# Freedom



## Rik Meijer

I am working on a tattoo for somebody. he gave me this אזרחות כבוד. i want to know if this is the right translation for Freedom.

greets


----------



## Nunty

Hello, Rik 

No, it doesn't mean freedom; it means "honorary citizenship".


----------



## amikama

And if you want to know the right translation for "freedom", it's *חופש* (_khofesh_) or *חרות* (_kherut_).


----------



## Nunty

Oops I forgot to add that. Thanks, amikama, for rectifying my omission.


----------



## Rik Meijer

*ח*
*ו*
*פ*
*ש*
** 
*can i spell it this way to?? *
** 
*thanks and greetings *


----------



## Flaminius

People would understand but. . . 

except for road signs or similar areas where horisontal writing is impossible, Hebrew is seldom written vertically.  Can you tell us what you want to write the word on?

Flam,

and welcome, Rik. ^ ^/


----------



## Nunty

Oh, I don't know, Flam. We see words written vertically on letterheads, for example, or in advertising sometimes.
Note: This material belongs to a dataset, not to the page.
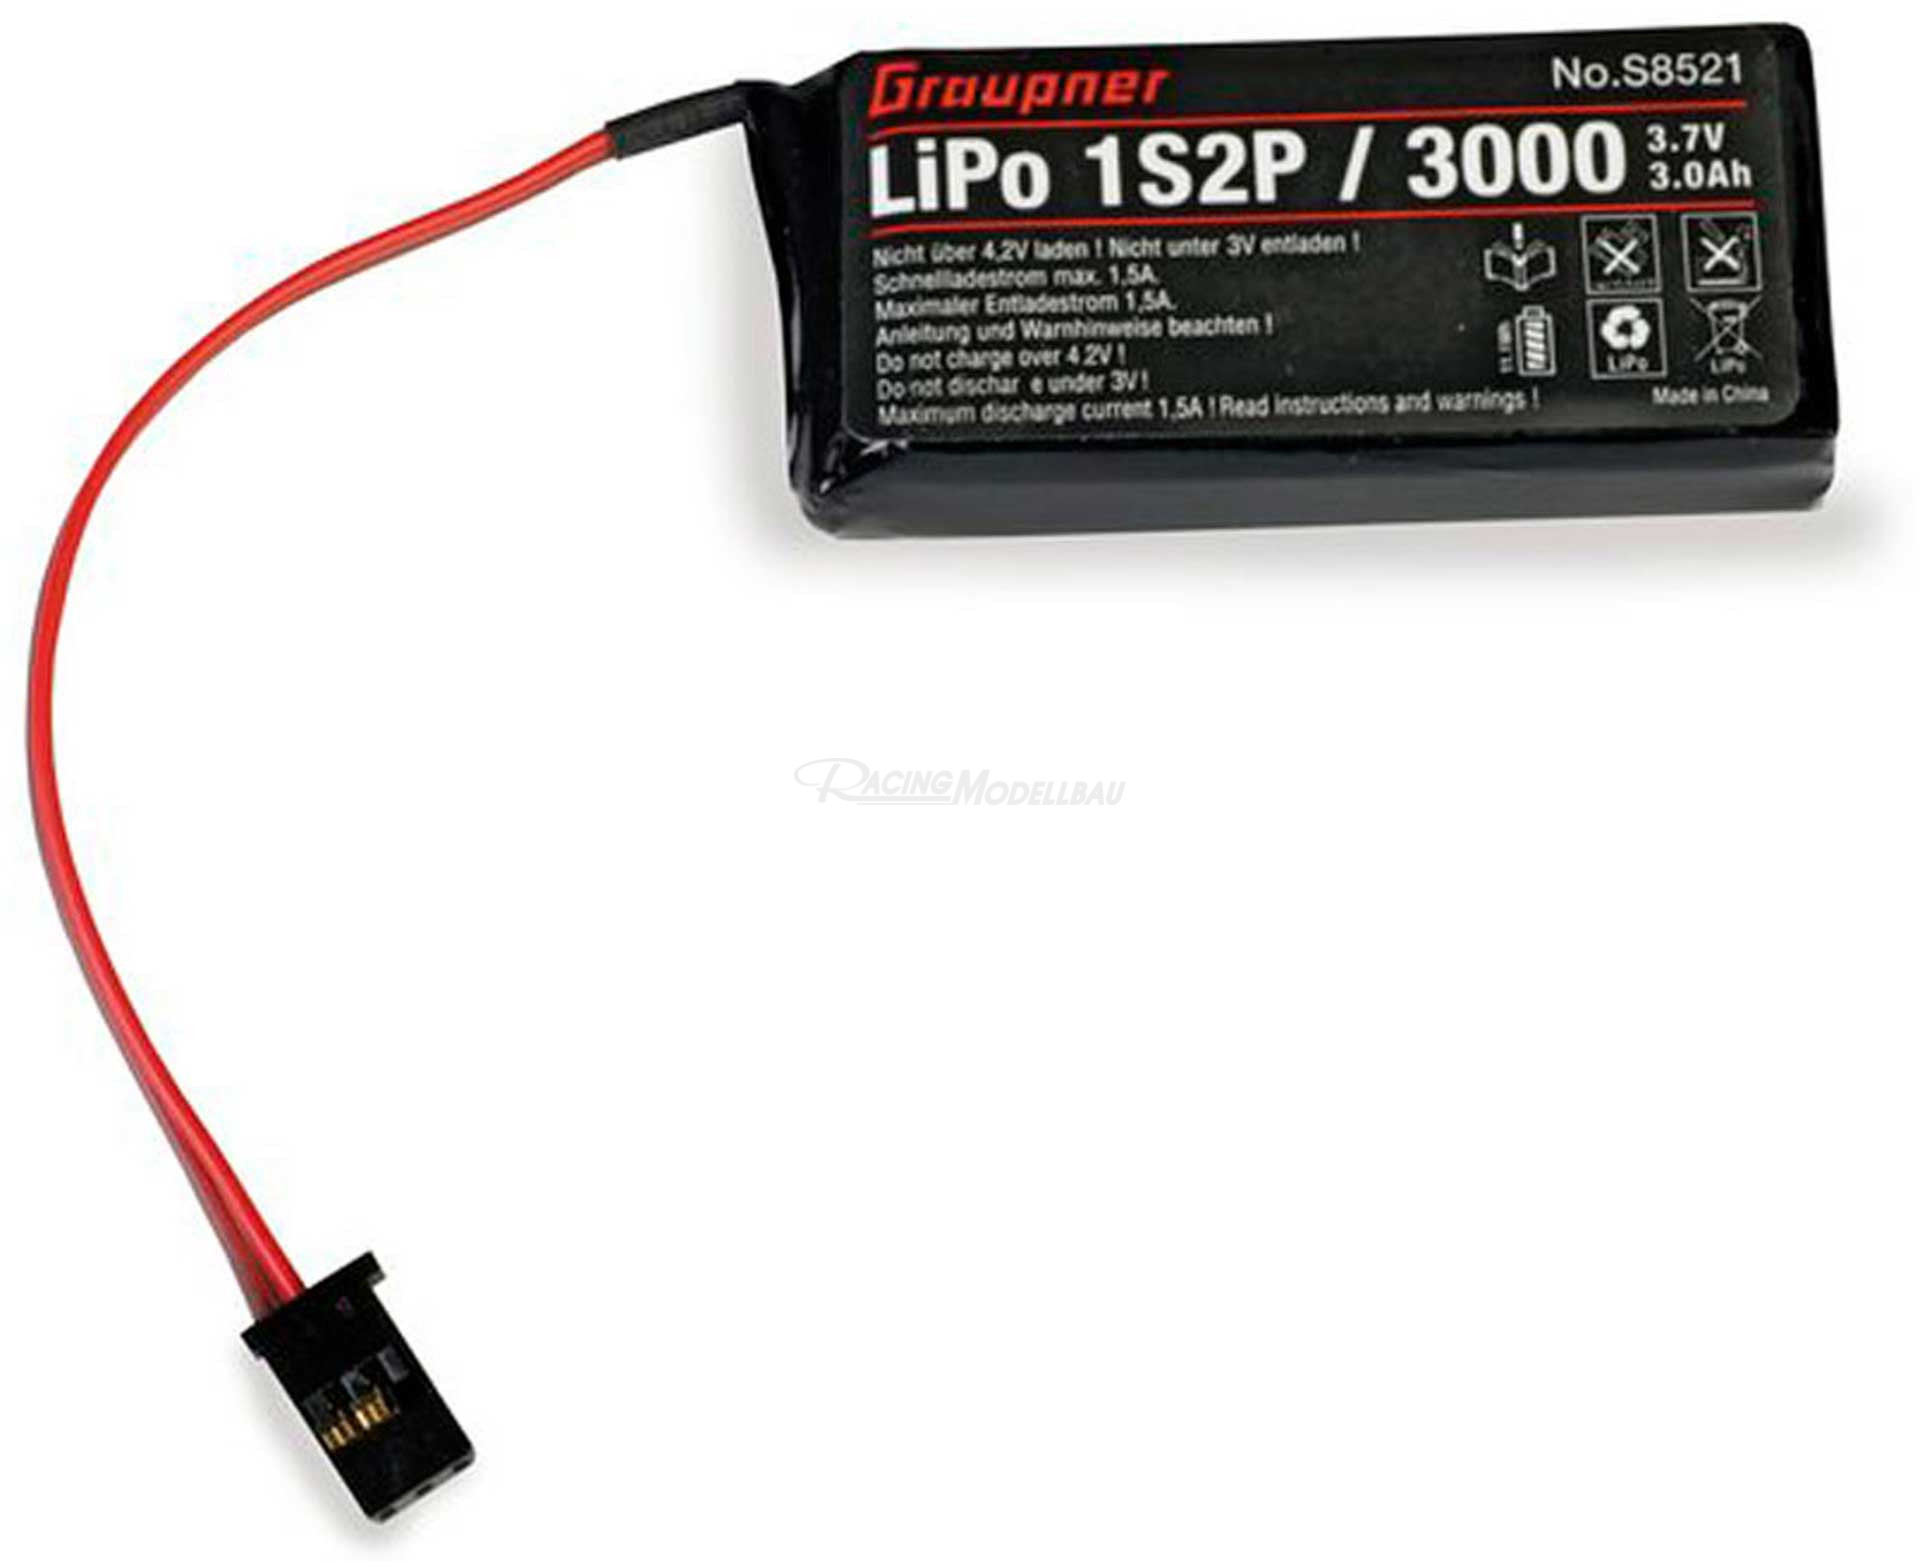 Senderakku LiPo 1S2P/3000 .,7V

We're talking about a tatoo, after all, not formal writing.


----------



## Rik Meijer

im putting it on the back of the left arm, that's why i want to wright it vertically. but is it possible or not?


----------



## Nunty

Yes, Rik, it is possible.


----------



## Rik Meijer

hey guys i wanna thank you foor helping. i will put a photo of the tattoo here.

greetz


----------